6.   Shape dough into a 4-inch disc; wrap in plastic wrap and refrigerate for at least 1 hour.  Dough will keep in refrigerator for 2 days.

Make Pie Crust:
1.   Take Pie Dough out of the refrigerator.  If very hard, let sit on the counter until workable. 

2.   Roll dough into a 12-inch circle.  I like to do this between two sheets of plastic wrap, regularly flipping the dough over and periodically pulling off the top sheet of plastic wrap and re-applying it smoothly.

3.   Transfer dough to a 9-inch pie plate.  If you’ve rolled out the dough between plastic wrap, you can simply remove the top layer, use the bottom layer to carry the dough to the pan, and then upend the dough into the pan.  If you’ve rolled it out on a floured counter, loosely roll the dough up around your rolling pin and then gently unroll into the pan.

4.   Gently press dough so that it lies flat against all surfaces of the pie pan.  Tuck any overhanging dough under itself and then flute the rim or press down all around it with the tines of a fork.

5.   Place pie plate in refrigerator and chill for 40 minutes – dough should feel firm.

6.   Move pie plate to freezer for 20 minutes – dough should be very cold.

Make Quiche:
1.   Heat oven to 375 degrees.

2.   Remove pie plate from freezer.  Double a 12-inch length of heavy-duty aluminum foil and lay it into pan, covering dough.  Crimp edges gently over pan rim to protect crust. 

3.   Fill foil with 2 cups of pie weights, uncooked rice or beans, or coins.  Metal and ceramic weights are the most effective because they’re heavier.

4.   Place pie plate in oven (I found this step absolutely terrifying, but my ceramic Wilton pie plate made it from freezer straight to oven without shattering into 1000 pieces.  I’ve heard that Pyrex is safe for this as well, but can’t vouch for it personally).  Cook for about 25 minutes, until dough under foil looks dry and light-colored.

5.   Meanwhile, in a pan, cook Bacon over Medium Heat until crisp, about 5 minutes.  Drain and set on paper towels to cool.

6.   Whisk together Eggs, Egg Yolks, Milk, Cream, Salt, Pepper and Nutmeg.

7.   When pie crust is done, remove from oven.  Carefully lift foil and pie weights out of crust.  Return crust to oven for about 5 minutes, until light golden brown.

8.   Remove pie crust from oven.  Sprinkle Cheese and Bacon evenly into crust.  Carefully add Egg Mixture.  Liquids should reach to about ½ inch from top of crust.

9.   Place quiche in oven.  Bake for about 35 minutes – top should be light golden brown, center should be set but jiggly (it’ll set up more as it cools), and a knife inserted about 1 inch from the edge of the quiche will come out clean.

10.  Cool on a rack to desired temperature – quiche can be eaten warm or at room temperature.

[ Notes:  (1) As you can see from the pictures, I let the edges of my pie crust get a little…Cajun-style.   
 You probably don’t want them that dark.  If they seem to be approaching it, mold a little strip of 
foil to cover the browned sections.    (2) I’m not going to deny that this recipe has a lot of steps.    
You can certainly cook your bacon ahead of time.  And if you want to use a purchased pie crust, 
you’ll be eliminating about 2/3 of the work.  It won’t be quite as wonderful, but we can’t always 
be perfect, can we?  I’m the last person in the world to snitch on you for taking a shortcut. ]


  1. Ha!
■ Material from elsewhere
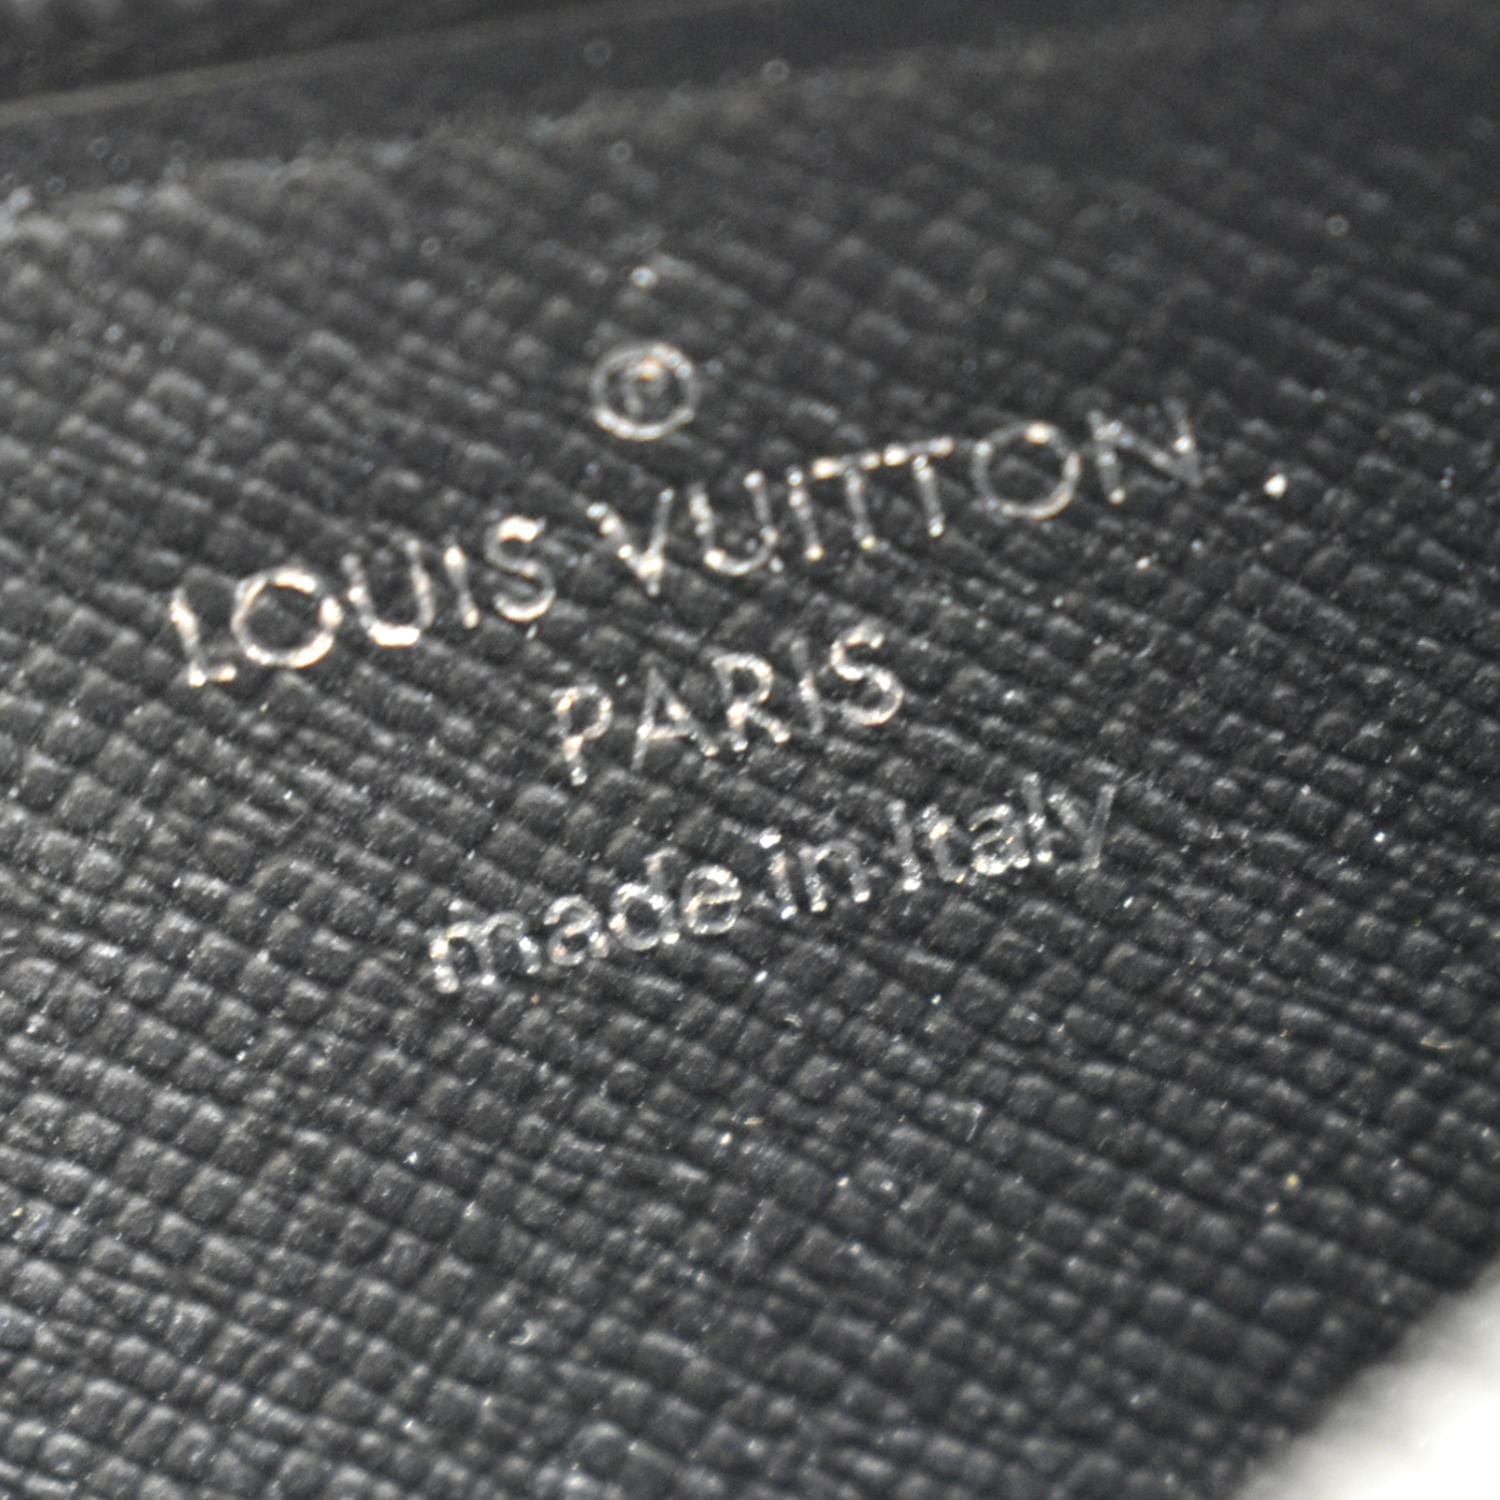 Louis Vuitton Double Card Holder Monogram Eclipse Canvas – STYLISHTOP

I absolutely loved this post... Probably because I have similar bedtime tendencies. Perhaps I should make this quiche for my hubby over the weekend. Yum! Thanks for submitting it for this month's Kitchen Bootcamp challenge!
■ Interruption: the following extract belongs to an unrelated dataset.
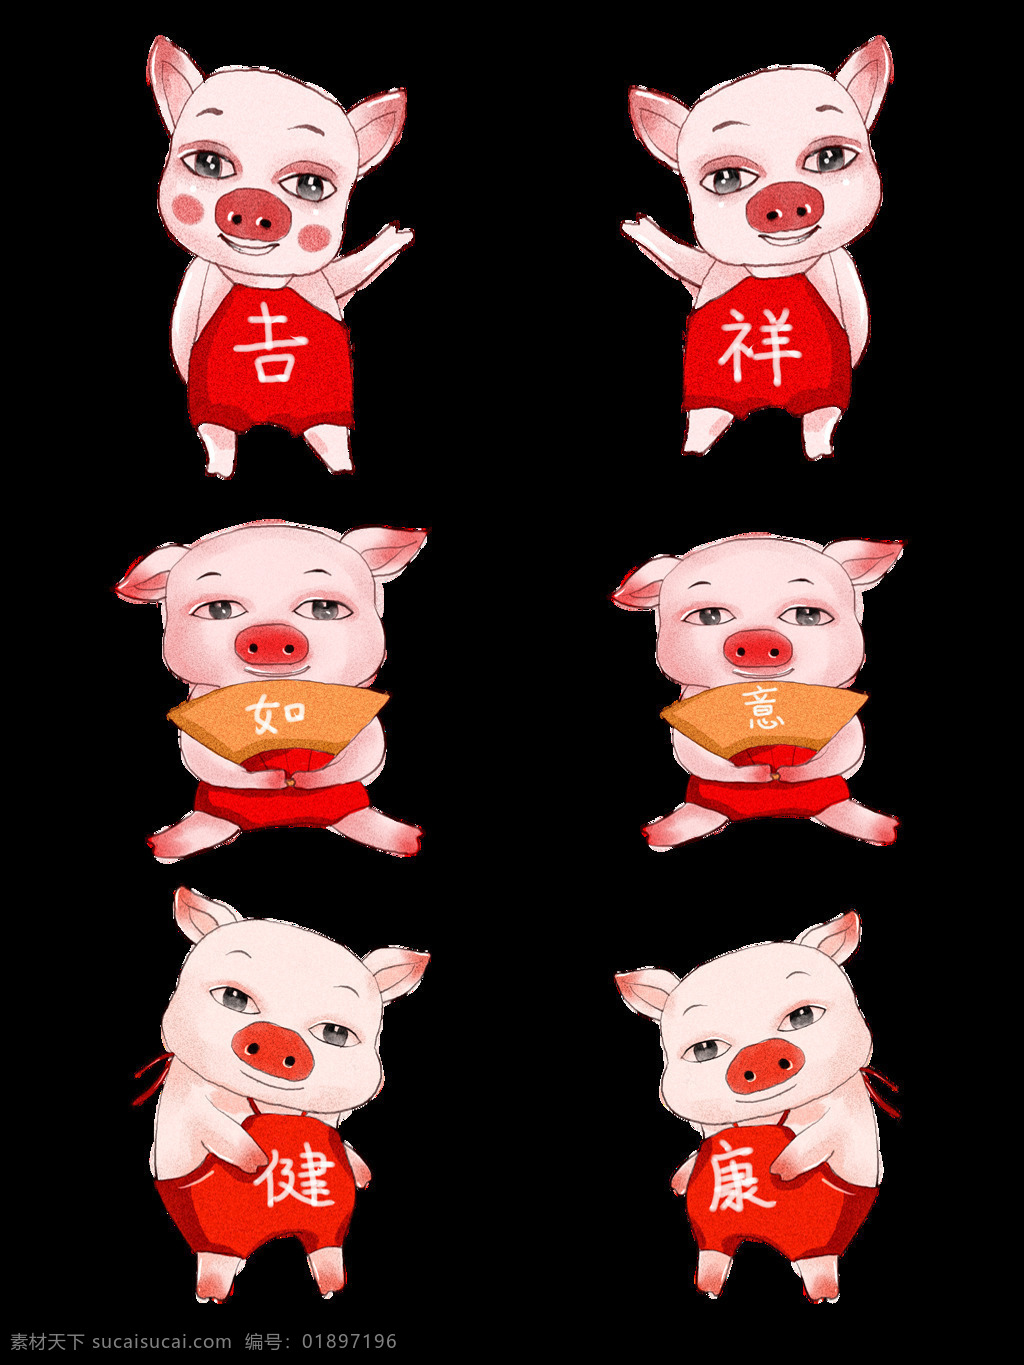 2019 生肖 猪 猪年 套 图 原创 商用 元素 可爱 吉祥 如意 健康 生肖猪 手绘 板绘 水彩

  2. Well, thanks for hosting! I think it's such a fantastic idea, and such a fun way to mix things up a bit beyond the regular post-a-week schedule. Glad you liked this essay - I promise you won't get any complaints if you make the quiche. :)
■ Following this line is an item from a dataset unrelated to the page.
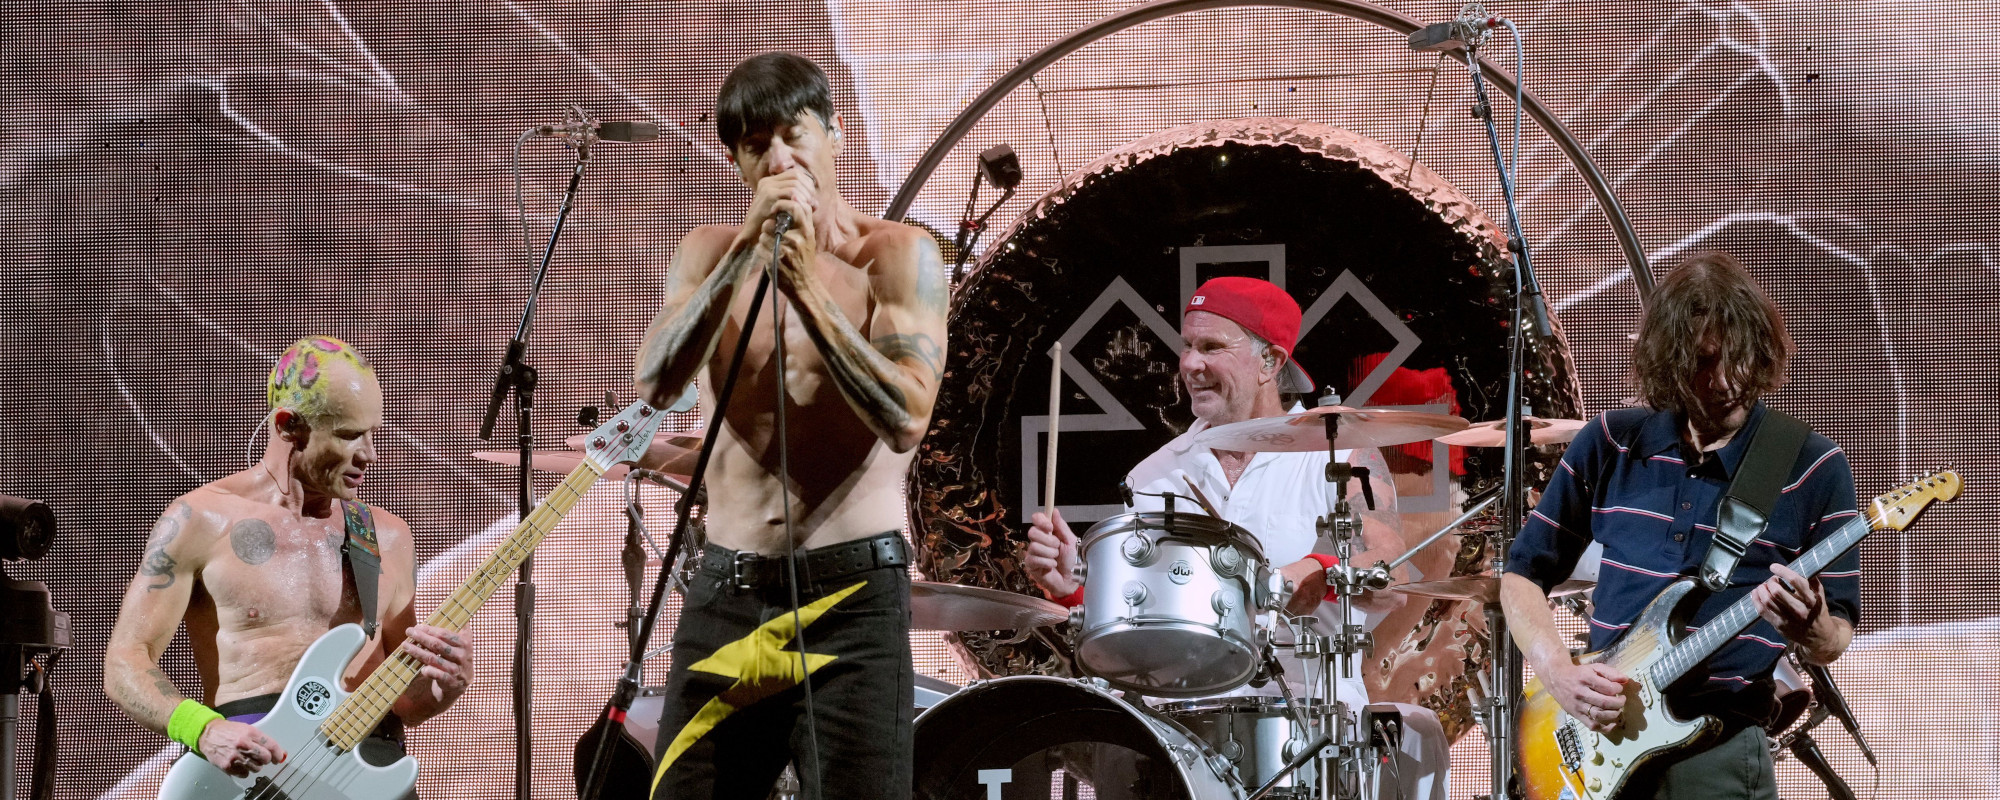 Red Hot Chili Peppers Release Eddie Van Halen Tribute Song “Eddie”

  3. You are weird. I think I like you lol. And I like that damn quiche of yours lol.

    1. Christine, the weirdness was never in doubt. ;) Glad you like the quiche - the hubs is already asking to have it again. I don't think I'd mind....

  4. I have been looking for a recipes for about two years now that turned out how my grandma used to make. and this isn't quiet it but its really really close! I think I will stop looking now cuz I'm satisfied with this one!

    1. I'm so glad I could help you find a good substitute!